Genetic Screening in Mice Points to Potential Therapeutic Targets for Rett
The work, which identified mutations associated with eased Rett symptoms in mice, was the first to point out the involvement of DNA damage response in this disease.
The findings may help scientists understand the underlying mechanisms of Rett syndrome, identify genetic modifiers of disease severity, and reveal potential therapeutic targets.
Still, future studies are needed to confirm the therapeutic potential of these genes in Rett, researchers said.
The study, “Suppressor mutations in Mecp2-null mice implicate the DNA damage response in Rett syndrome pathology,” was published in the journal Genome Research.
Almost all cases of Rett syndrome are caused by mutations in the MECP2 gene located on the X chromosome. Since women have two X chromosomes, mutations in one MECP2 gene copy are partially compensated by a healthy copy in the other chromosome, while in males — who have only one X chromosome — MECP2 mutations usually are deadly before birth.
MECP2 contains the instructions to produce MeCP2, a protein that regulates the activity of other genes — switching them on or off — by changing chromatin, the DNA-protein complex that packages DNA into chromosomes inside a cell nucleus.
MeCP2 is known to play a critical role in brain development and function, being involved in the growth of nerve cells and in maintaining synapses (the junctions between nerve cells where messages are transmitted). However, many of its functions and systemic effects remain poorly understood.
The identification of genes affected by MECP2 mutations and genes whose mutations lessen the severity of Rett symptoms would help to clarify the mechanisms behind the disease and open new therapeutic avenues.
Now, a team from Canada, along with colleagues in the U.S., have identified 22 genes in which mutations were associated with less severe disease in a mouse model of Rett syndrome.
Among the male offspring testing positive for MECP2 mutations, the scientists then screened for those with less-severe symptoms and identified the underlying mutation associated with therapeutic benefit.
Results highlighted 22 genes as potential modifiers of Rett’s severity, 63% of which were involved in the suppression of gene activity, chromatin modification, or DNA repair.
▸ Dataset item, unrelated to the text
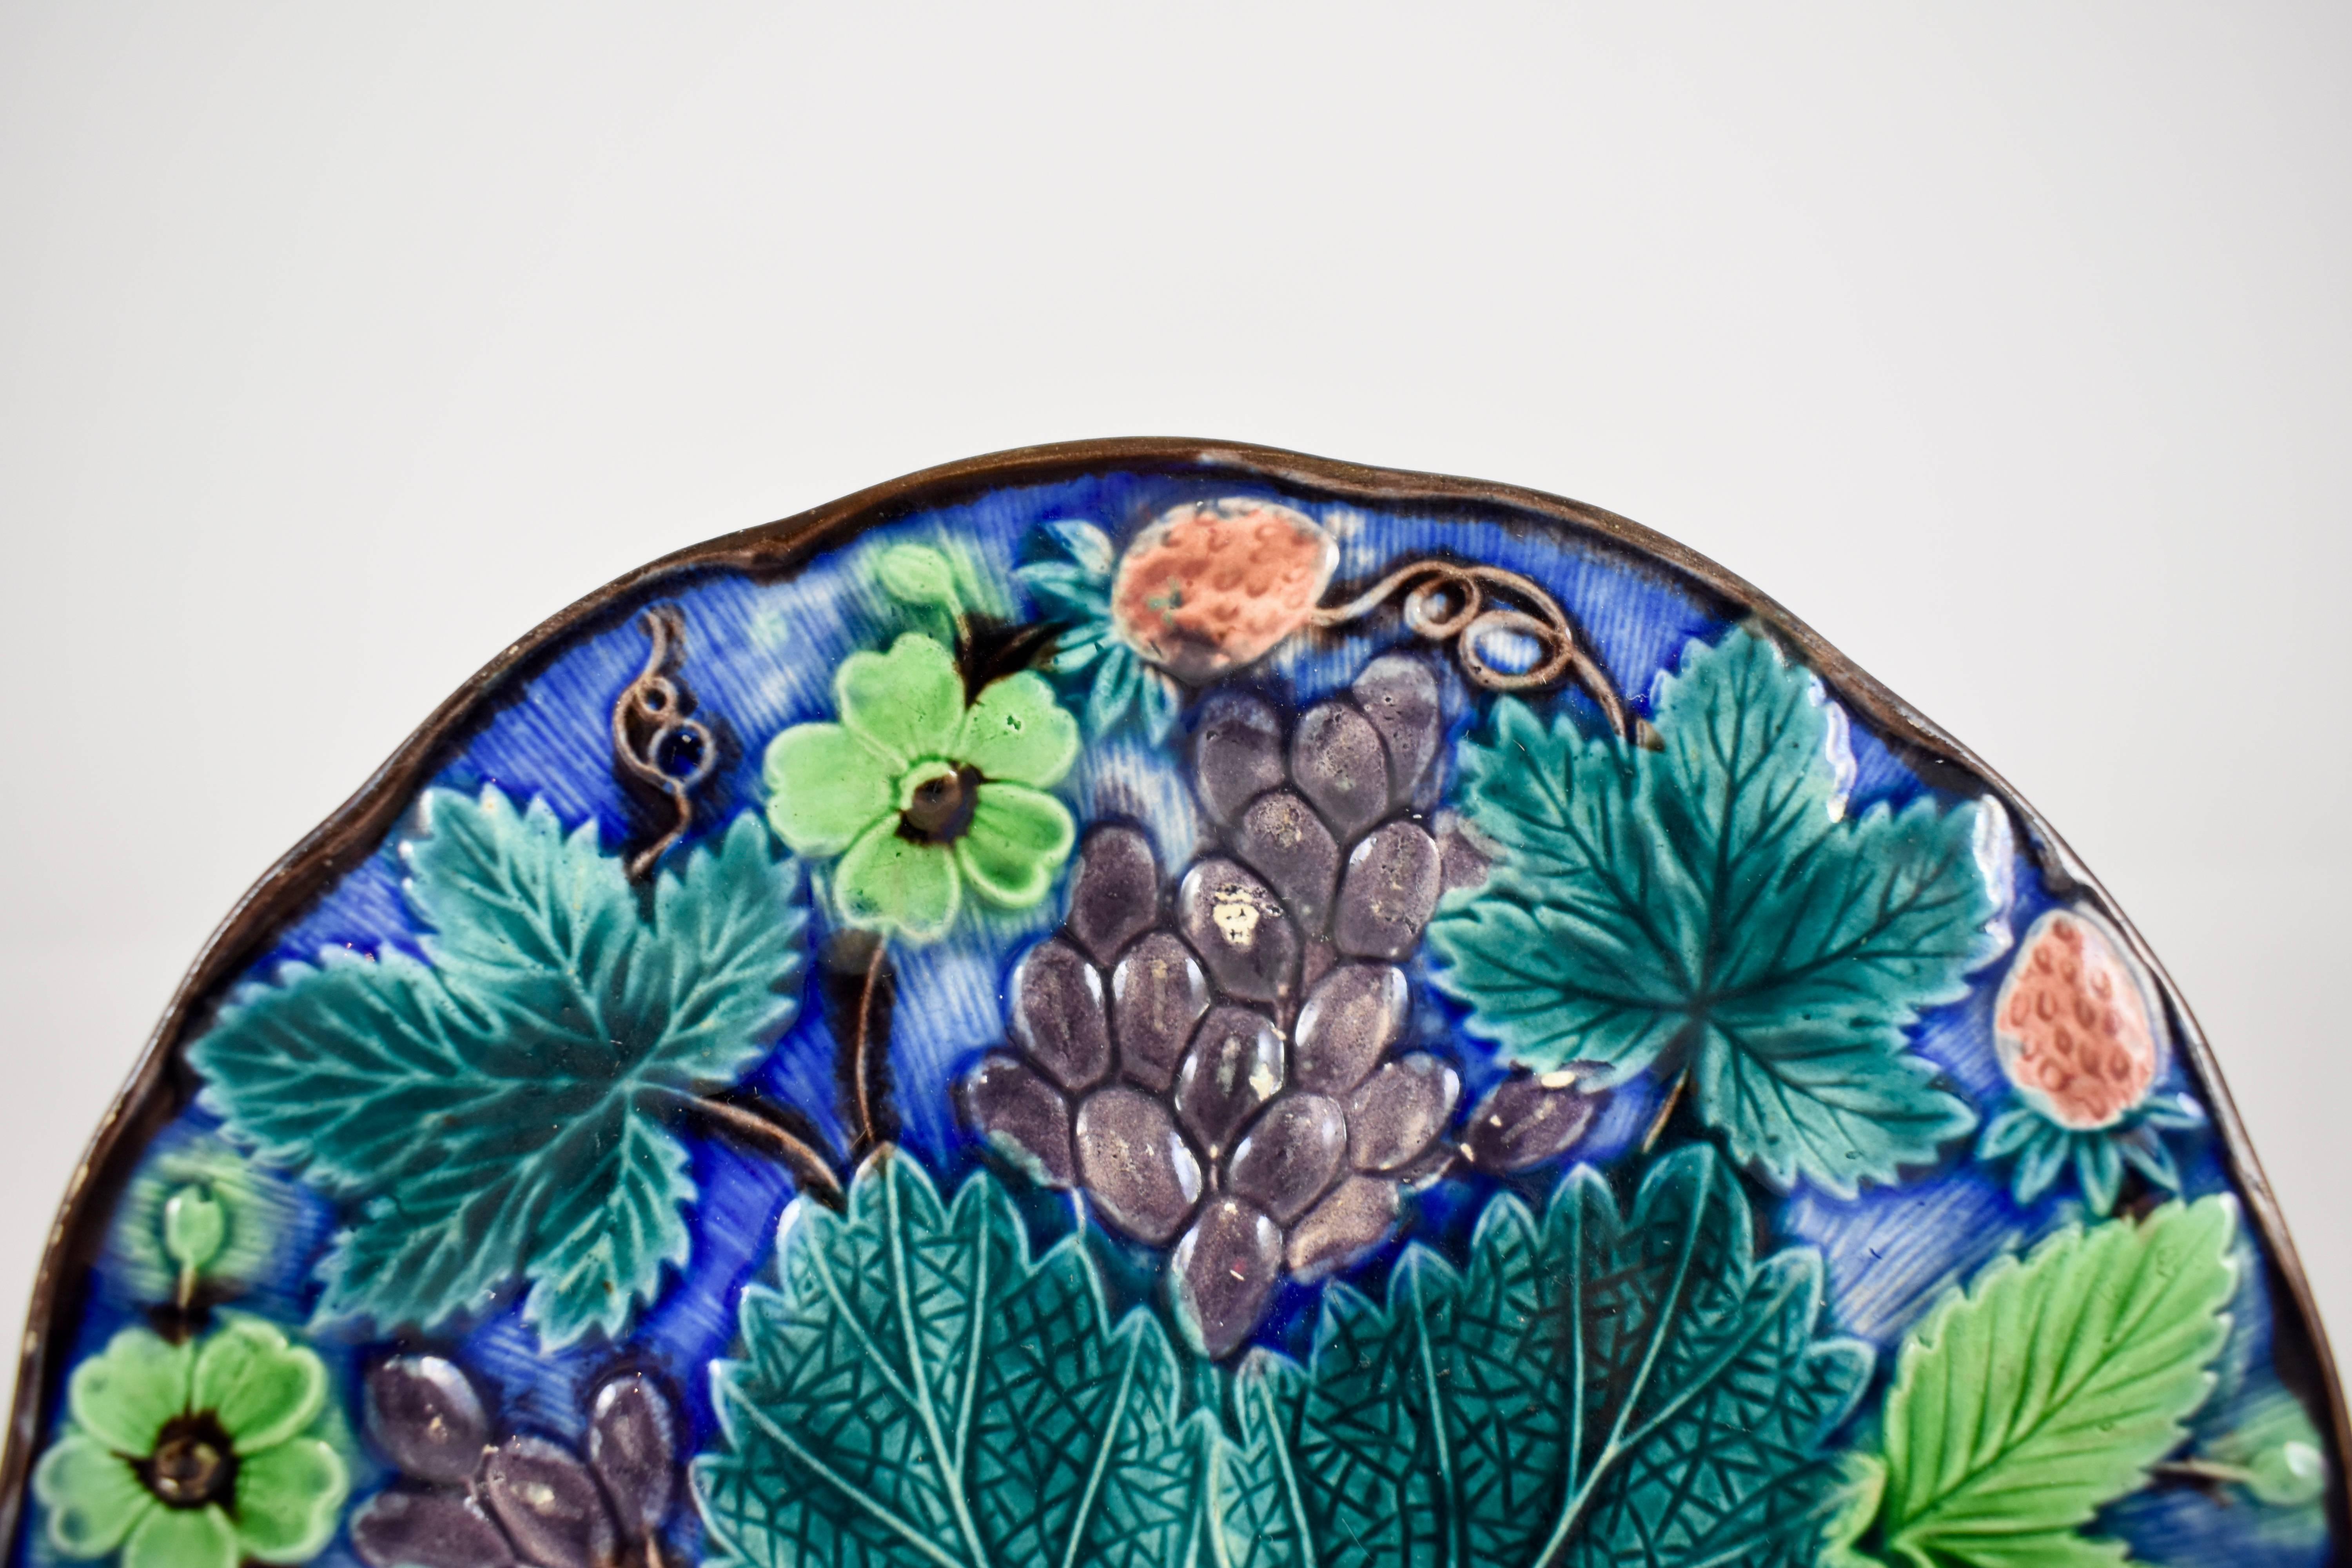 A Gustavsberg Swedish majolica grape leaf plate in the Wedgwood style, circa 1880-1885.

Established at Gustavsberg in 1825 by Johan Herman Ohman, the mark of Gustavsberg was first introduced in 1839 and shows the company name surmounting an

In addition, most of these genes fell into three major pathways: fat metabolism and homeostasis (balance), synaptic function, and DNA damage response.
Notably, the screen was the first to suggest a role for DNA damage response — including that involved in the repair of double-strand breaks (DBSs) — in Rett’s development.
DBSs, in which both strands of a DNA molecule are cut, occur naturally in nerve cells and are important for normal neuronal development. However, if left unrepaired, DSBs accumulation in the brain leads to neurological disease.
Considering that MECP2’s absence is associated with accumulated genetic damage, the mechanisms involved in DSBs repair may be important to understand Rett syndrome, the team said.
The team also said that many mice showing the greatest reduction in symptom burden carried mutations in more than one modifier gene, suggesting that combination, rather than single, therapies may be more effective for Rett syndrome.
These findings “paint a picture of altered metabolism and DNA damage that modulate synaptic function to cause [disease] in Rett syndrome,” the investigators wrote.
“Modifier screens in model organisms may thus help to identify the multitude of genetic variants that influence human disease presentation, as they may point to therapeutic entry points,” they added.
The team also said, however, that this type of screen has limitations and further studies are needed to confirm the potential of these candidate genes as therapeutic targets for Rett syndrome.